*Assignment*: Extract each line of the material that follows exactly and omit its pictures.

*Data provided*:
= = = = =
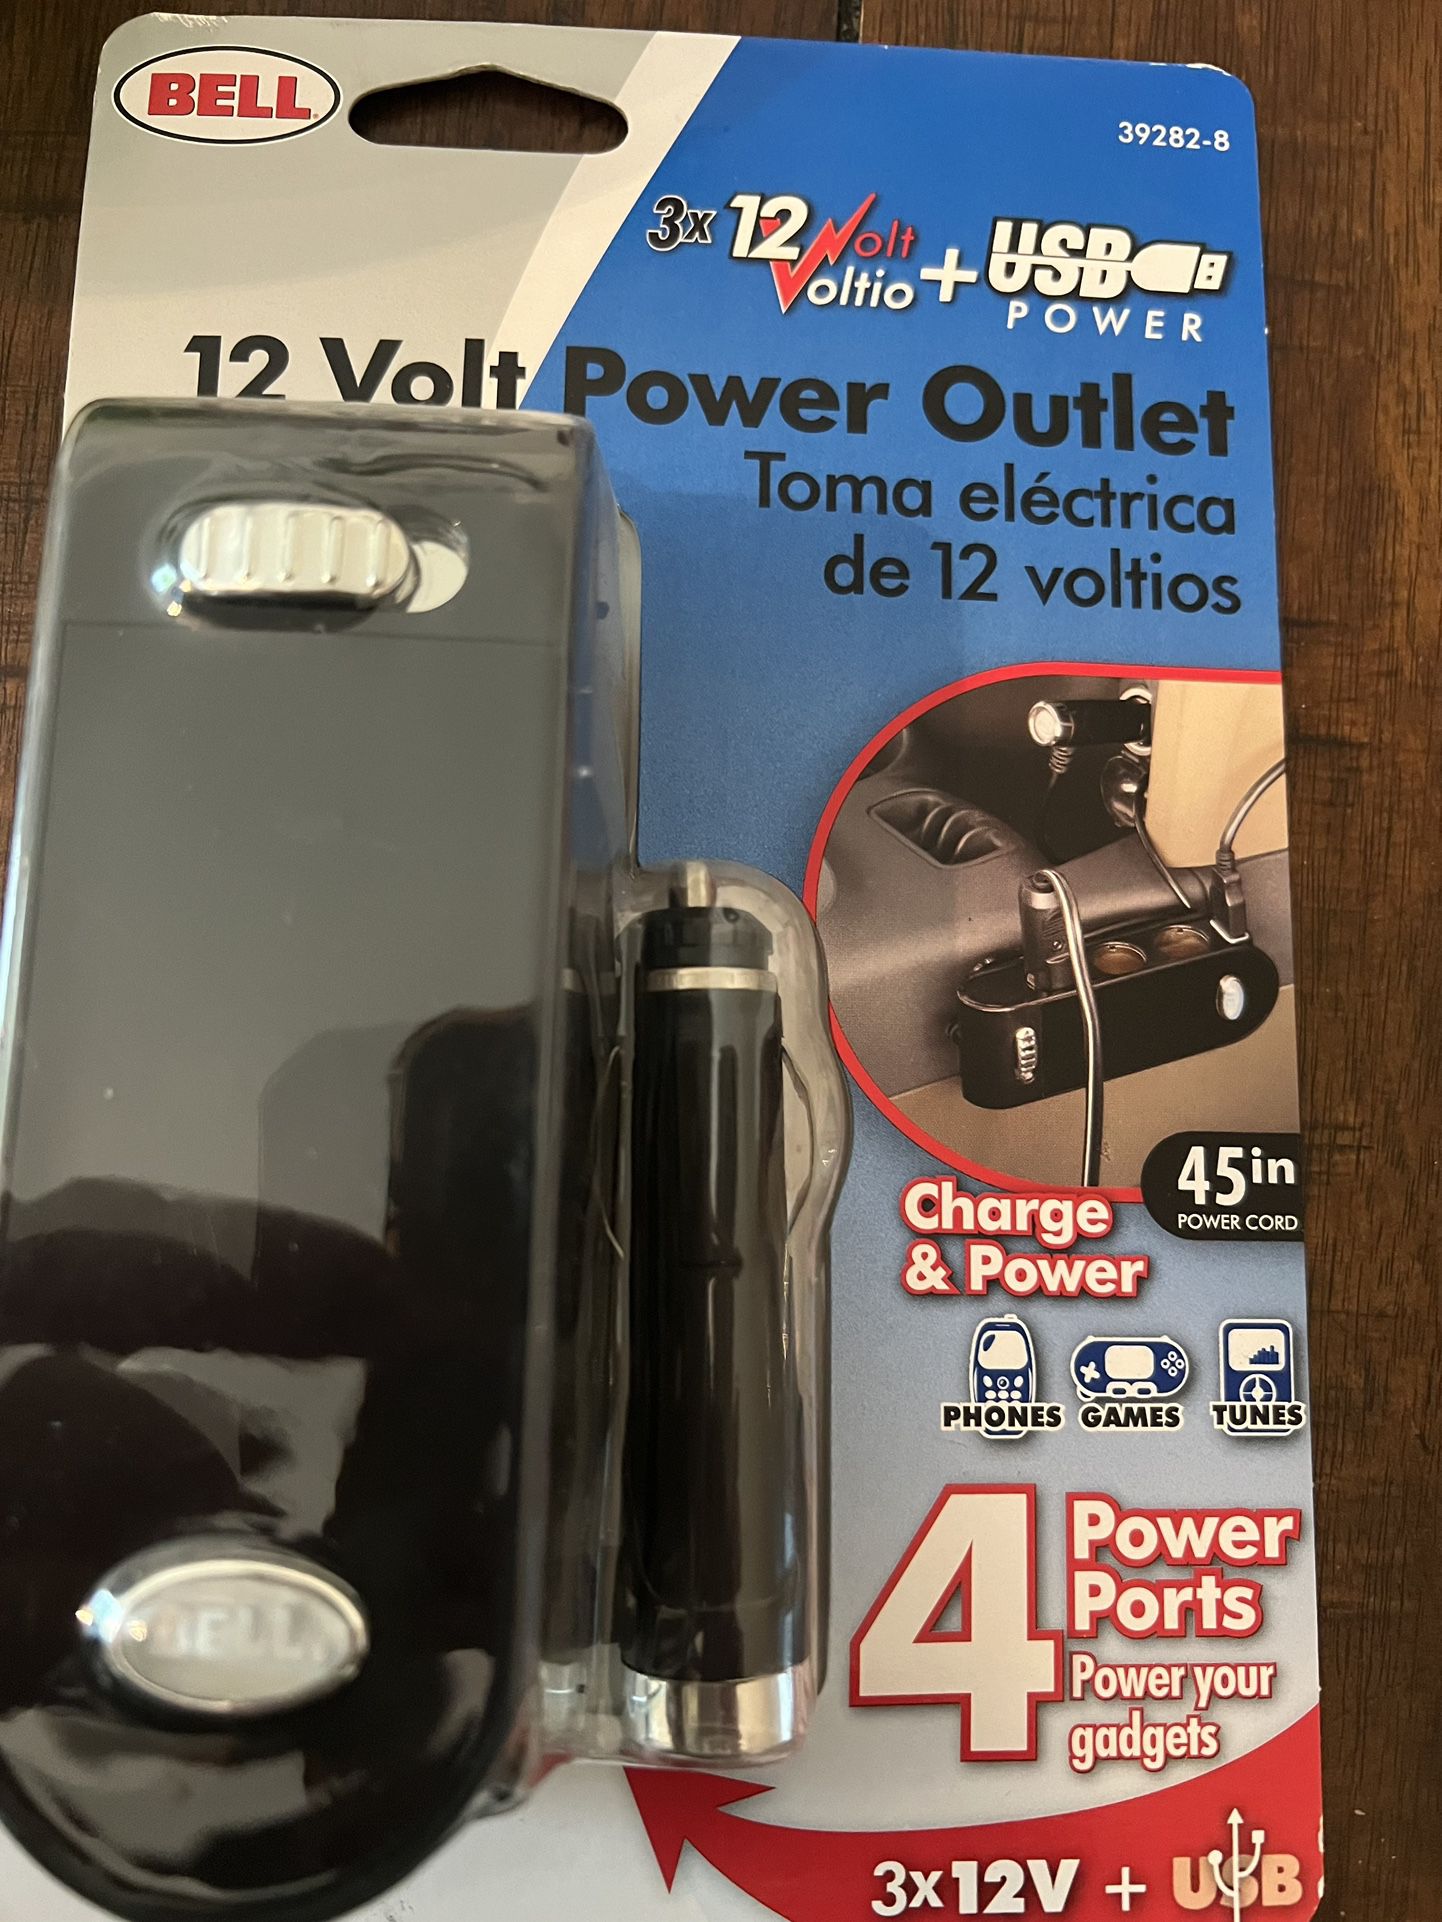 12 Volt Power Outlet +USB 
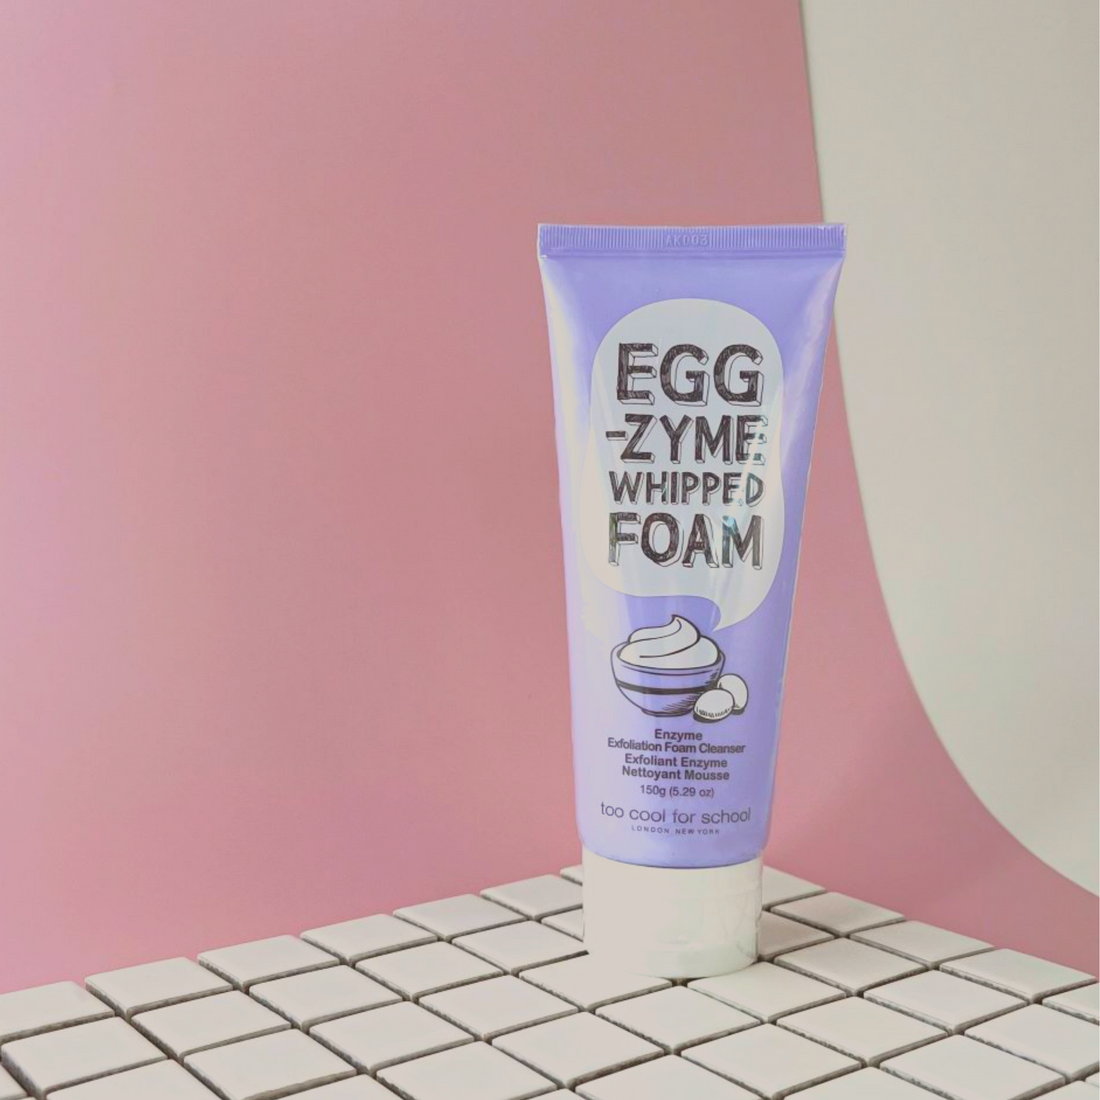 Egg-Zyme Whipped Foam
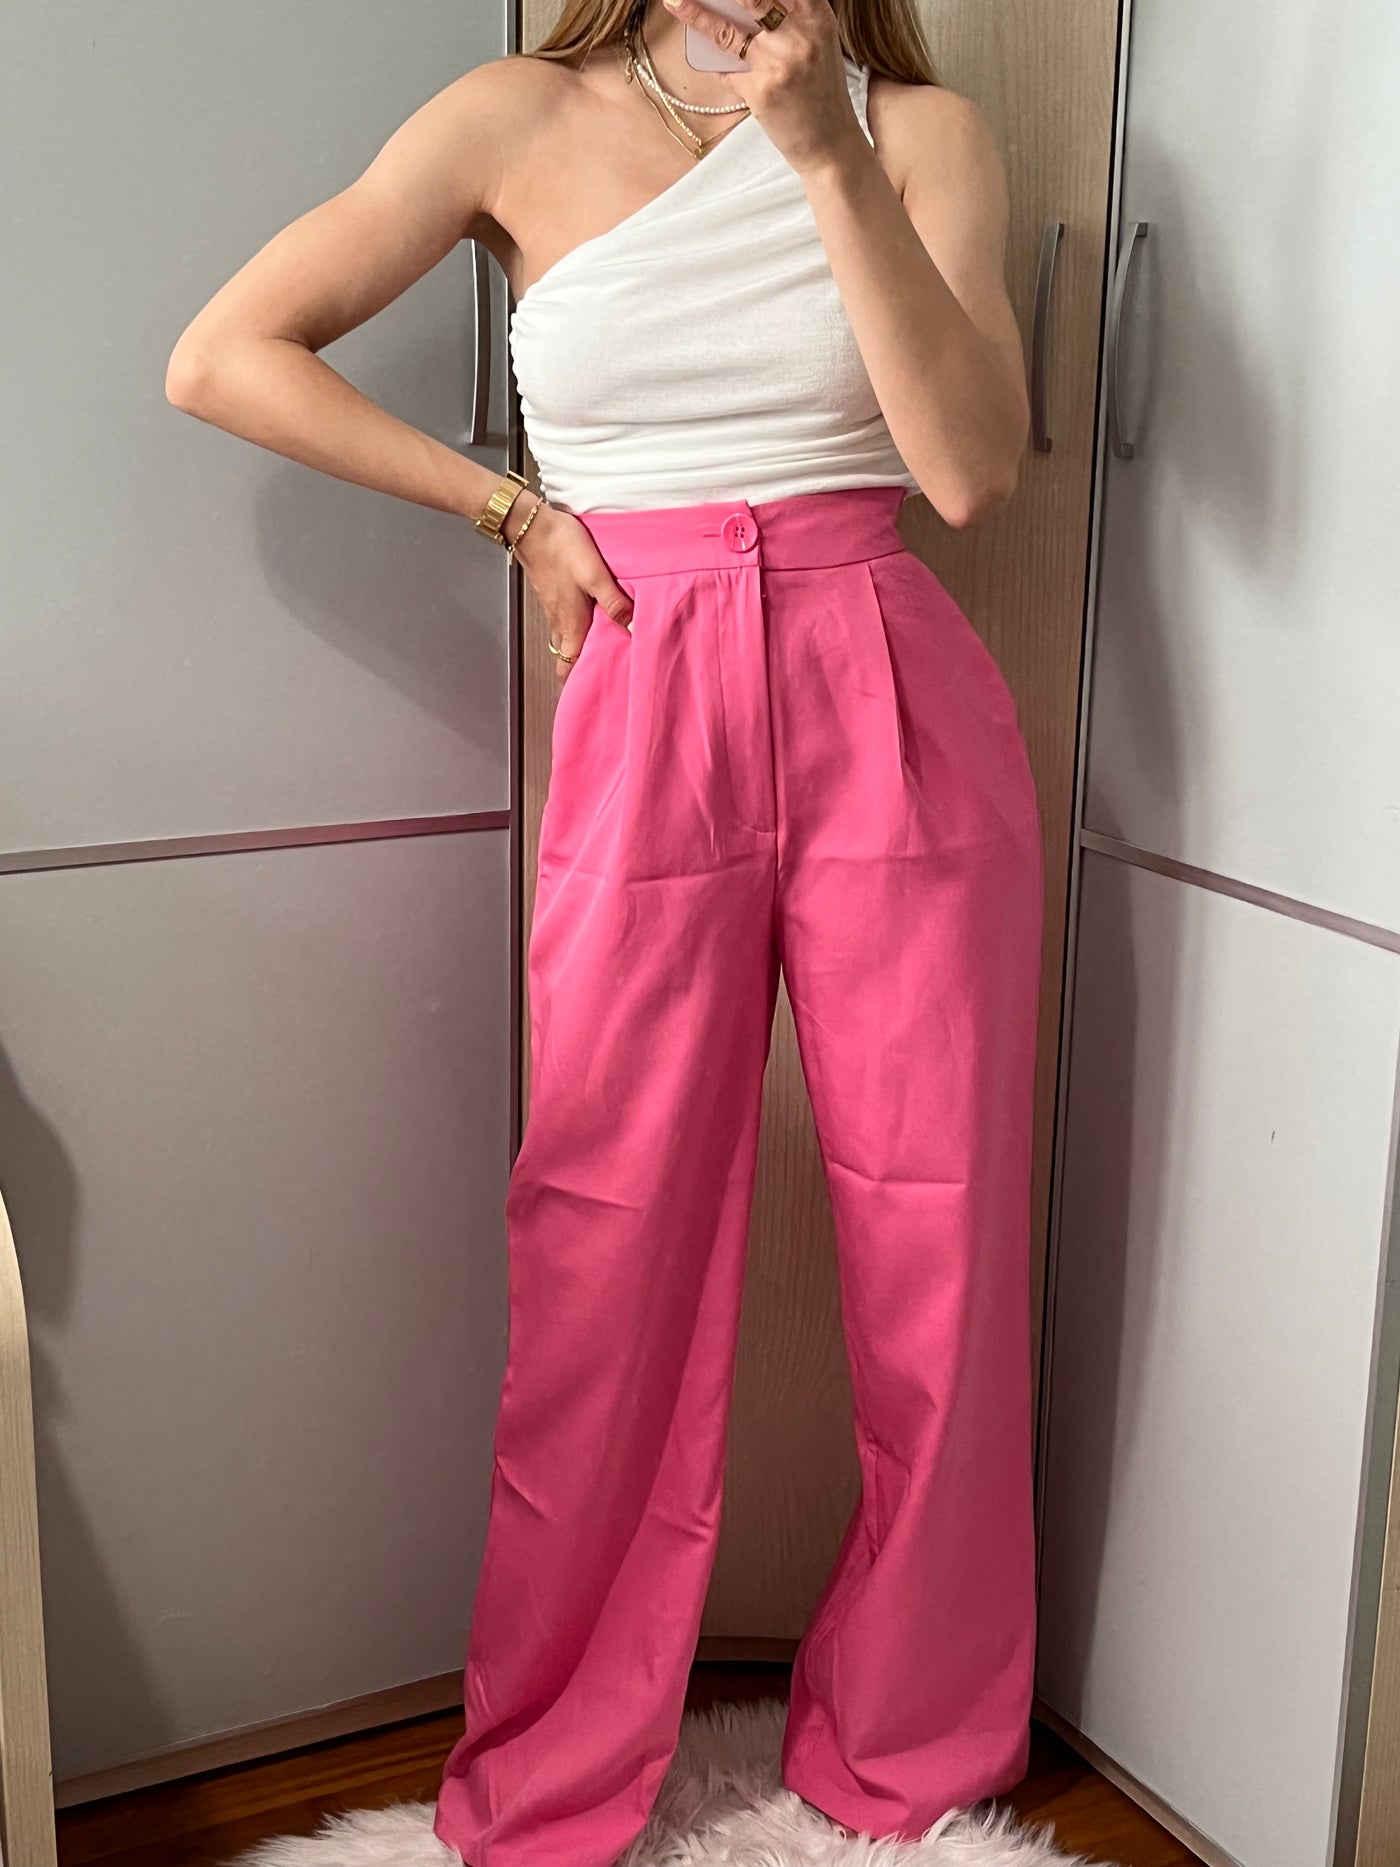 Pantalones rosas traje
= = = = =
*Answer box*:
 12 Volt Power Outlet +USB 
 Egg-Zyme Whipped Foam
 Pantalones rosas traje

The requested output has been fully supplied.